The "Class" feature is whether customers have been defrauded or not, 0 = no, 1 = yes.
Undersampling and Oversampling
This dataset contains more than 280,000 observations, but only about 400 people have
been defrauded, which just accounts for 0.14% of the dataset. If we just simply predict
all people having no fraud risk, we would get a 99.86% accuracy.
To avoid this situation, I applied undersampling and oversampling to the dataset.
Undersampling is just only keeping 400 people who were not defrauded.
Oversampling is creating 280,000 more defrauded data to match the other class. I used SMOTE
oversampling this case.
Models
I tried many classification models and I decided to use Artificial Neural Network.
Models
Confusion Matrix
These are two confusion matrices for oversampling and undersampling respectively.

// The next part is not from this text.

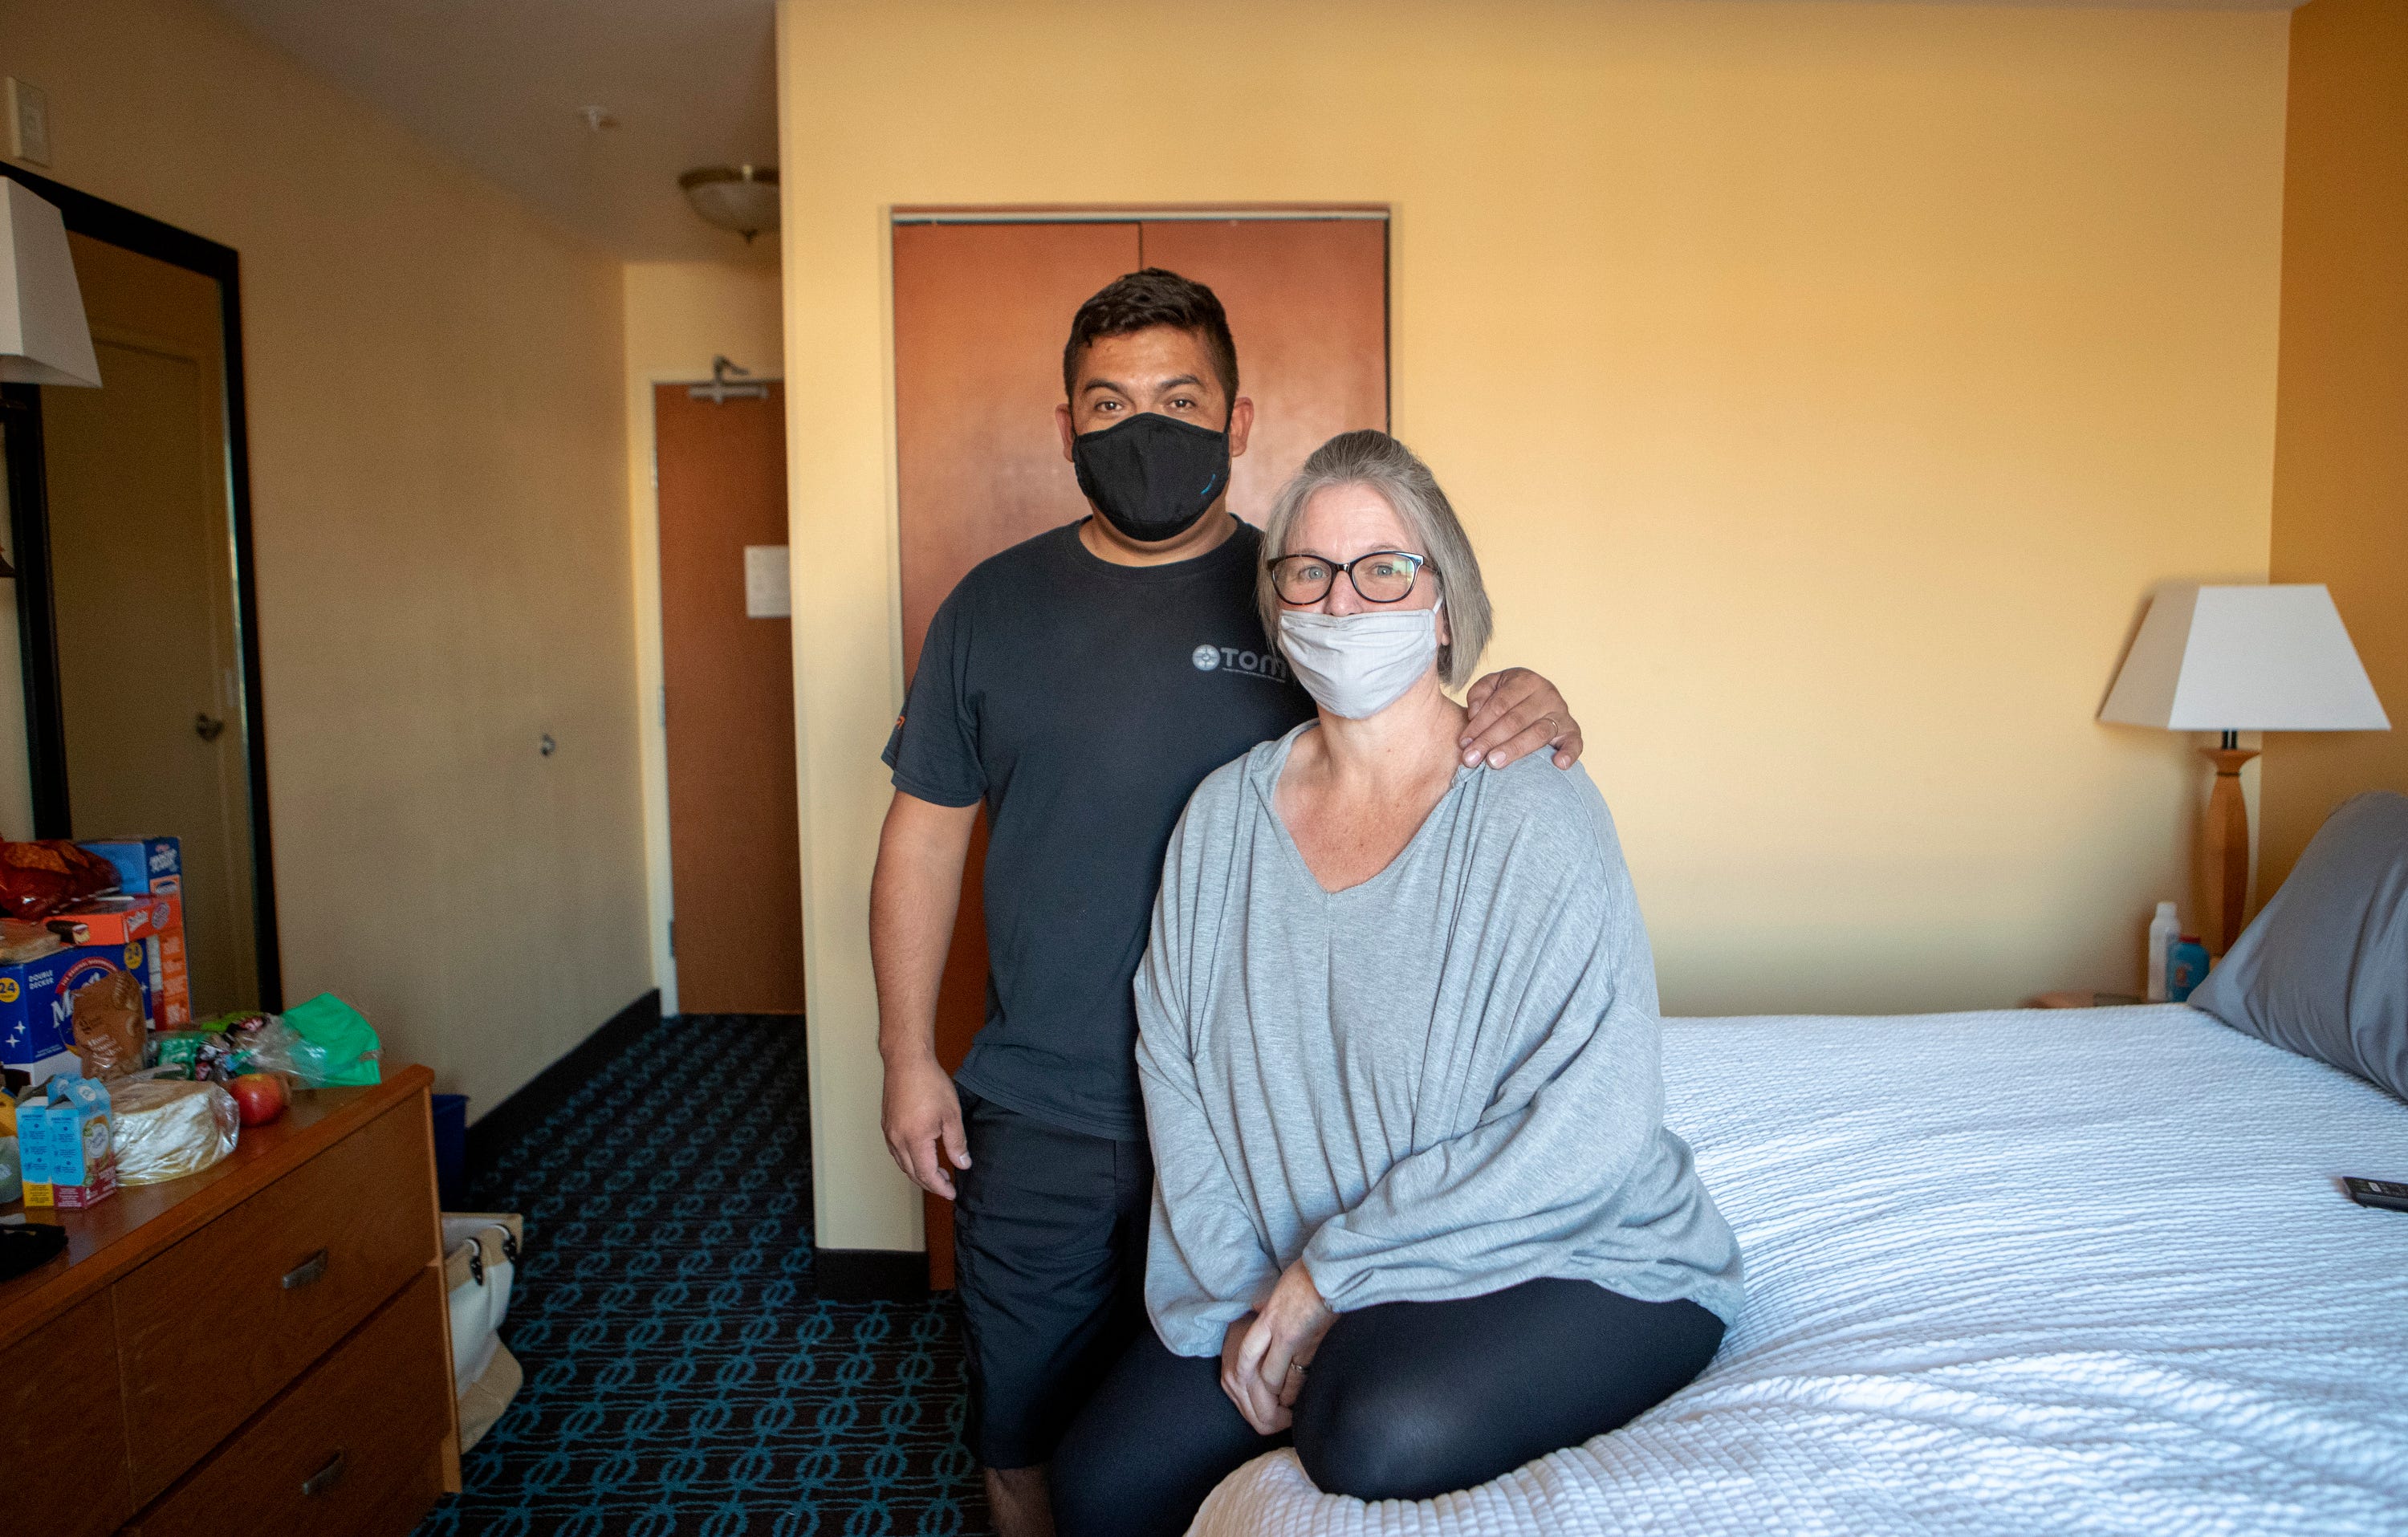 Evacuees from the El Dorado fire, Malissa and Joaquin Lopez, are photographed inside the San Bernardino, Calif., hotel they've been staying in for two weeks on September 22, 2020. The couple had just bought a new home in the Angelus Oaks area only four weeks before the fire broke out.

The accuracy of the model is 0.9994, which is good enough for fraud detection. Also, the
type 2 errors are not a lot.
Last Thoughts
What's the ultimate goal for data scientists to create a model? People are obsessed with numbers. They want to have
high accuracy, F1 Score, 0.05 P-value, and so on. In the fraud detection case, if you just simply
guess no fraud at all, you would get a 99.86% accuracy. The number is not the goal.
Data scientists are not cheap. The ultimate goal for data scientists is to create value for
the company. Everything you do should back into short-term value or long-term strategic initiatives.
Knowing the business problem is very critical for data scientists before they start building the model.
Software used: Python
Packages used: Sklearn, Seaborn, Tensorflow, Keras, imblearn